Mapping the PPE supply chain

Ninety days after the COVID-19 emergency declaration, a Senate panel examined how U.S. responders are managing procurement and delivery of needed supplies.


As part of the COVID-19 pandemic response, a multiagency effort collected commercial data on personal protective equipment from distributors to visualize the supply chain and help direct material where it was needed most, according to a senior defense official testifying at a June 9 oversight hearing.

Rear Adm. John Polowczyk, vice director of logistics for the Joint Chiefs of Staff, told the Senate Homeland Security and Government Affairs committee convened to discuss federal procurement 90 days after President Donald Trump's declaration of a national emergency that an "unprecedented" effort assembled a new data system in just two weeks.

"We consolidated business systems data from the six major medical distributors into the cloud at [the Federal Emergency Management Agency] creating a data lake of information for the first time using a supply chain tool" from the Defense Department. "We could now see inventory held by competing companies for distribution in the U.S. and how the supply chain was filling those orders," Polowczyk, who directs the cross-agency Supply Chain Stabilization Task Force, said.

That supply chain data from commercial firms Cardinal Health, Concordance, Henry Schein, McKesson, Medline and Owens and Minor, was combined with information from the Centers for Disease Control and Prevention "to ensure that commercial markets moved resources to the hot spots." Polowczyk added that expansion of this effort is needed to "align U.S. manufacturers with current COVID and future demands."

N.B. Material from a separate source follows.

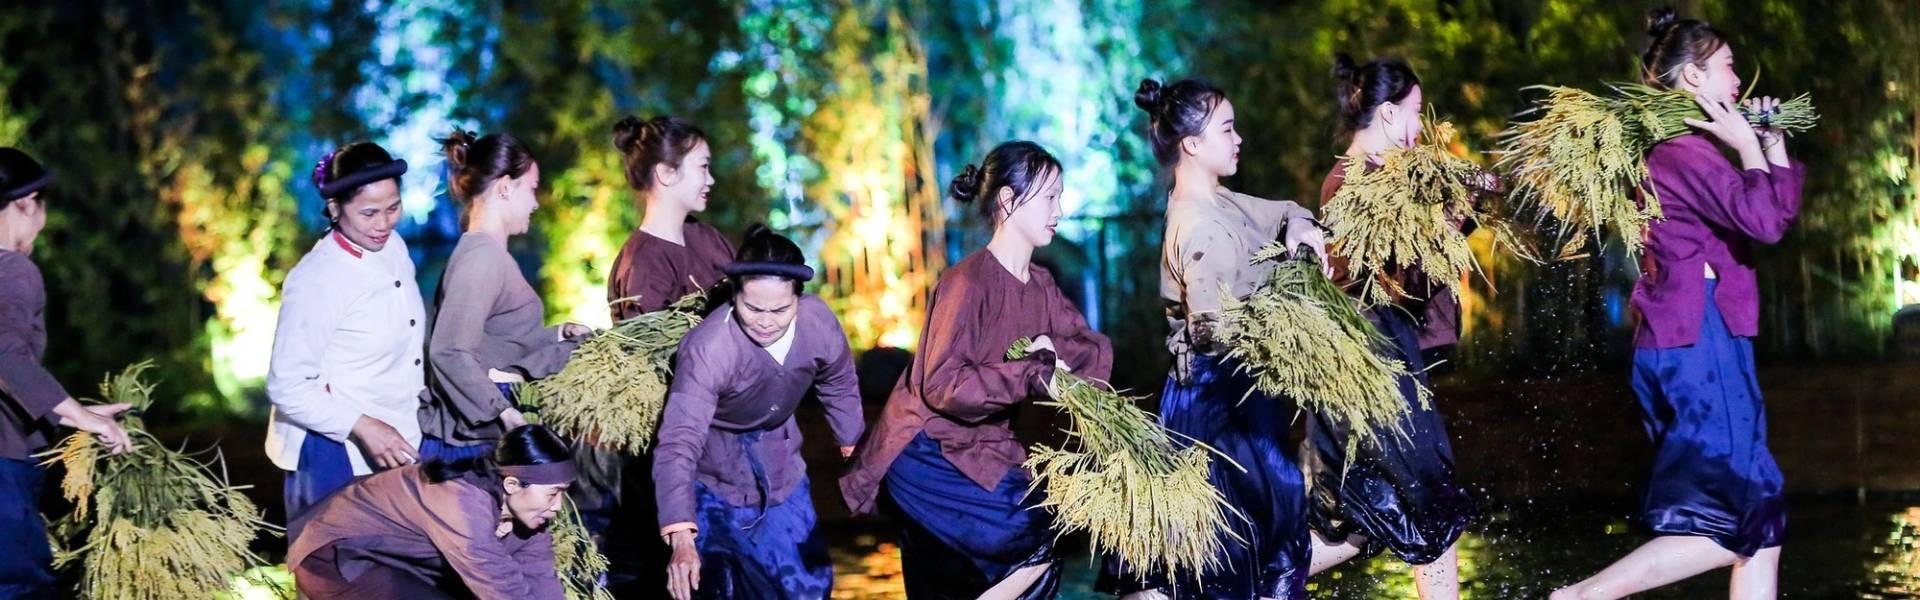 Quintessence du Tonkin : Spectacle sur la culture du Nord Vietnam

The system was used to support Project Air Bridge, a White House effort led by Jared Kushner, the president's son-in-law and senior advisor, to transport and distribute needed PPE to COVID hotspots. Multiple press reports and congressional oversight efforts have described that effort as mismanaged, duplicative and ineffective when it came to distributing N95 masks, one of the most needed items in the PPE arsenal. 

Sen. Elizabeth Warren (D-Mass.) is leading a push to have the Pandemic Response Accountability Committee, currently led by Justice Department Inspector General Michael Horowitz, investigate the $91 million program.

"Our investigation found Project Air Bridge -- like the broader Trump Administration response to coronavirus -- has been marked by delays, incompetence, confusion, ethics questions, and secrecy across multiple federal agencies and in the White House," Warren said in a June 8 statement.

According to written testimony submitted jointly by Polowczyk and FEMA Director Peter Gaynor, the project "was integral to the federal strategy to manage critical shortages of PPE and other medical supplies by accelerating international deliveries until domestic and foreign manufacturers could increase production to well above pre-COVID-19 levels and standard supply chains could begin to stabilize."

Additionally, at the hearing, Gaynor and Polowczyk testified that they didn't have any knowledge of any intervention from the White House to direct contracts or delivery of supplies to favored states or institutions.

"I have the highest confidence in my contracting team … that every contract was executed according to all the federal regulations without influence from anyone in government no matter where they sit," Gaynor said in response to question from Sen. Kamala Harris (D-Calif.)

According to officials and to FEMA data obtained and released by Sen. Maggie Hassan (D-N.H.) at the June 9 Senate hearing, the U.S. is stepping up efforts to increase domestic manufacture of some needed items, including N95 masks.

"I've had a consistent frustration … about the administration's inability or refusal to publicly lay out clear, numerical projections and goals for its COVID-19 response," Hassan said.

According to data from the Supply Chain Stabilization Task Force, FEMA expects domestic production of N95s to exceed the need of hospitals by August. By October, according to FEMA, monthly production will exceed 140 million, meeting the needs of hospitals, long-term care facilities and first responders. The agency hopes that by winter, U.S. manufacturers will be producing 180 million masks per month. The task force is also overseeing a push to increase domestic manufacture of medical gowns, surgical masks, face shields and nitrile gloves.

Sen. Rob Portman (R-Ohio) wanted more details on when the government, under the auspices of FEMA or the Defense Logistics Agency, would begin to issue long-term contracts to send "demand signals" to vendors that the U.S. is serious about "reshoring" PPE manufacture.

Polowczyk said that he was currently working on "aggregating long-term demand" from government buyers, including DOD, FEMA and the Department of Veterans Affairs as well as states to "bring that to industry to say that this a repeatable long-term demand for health care items, not just PPE."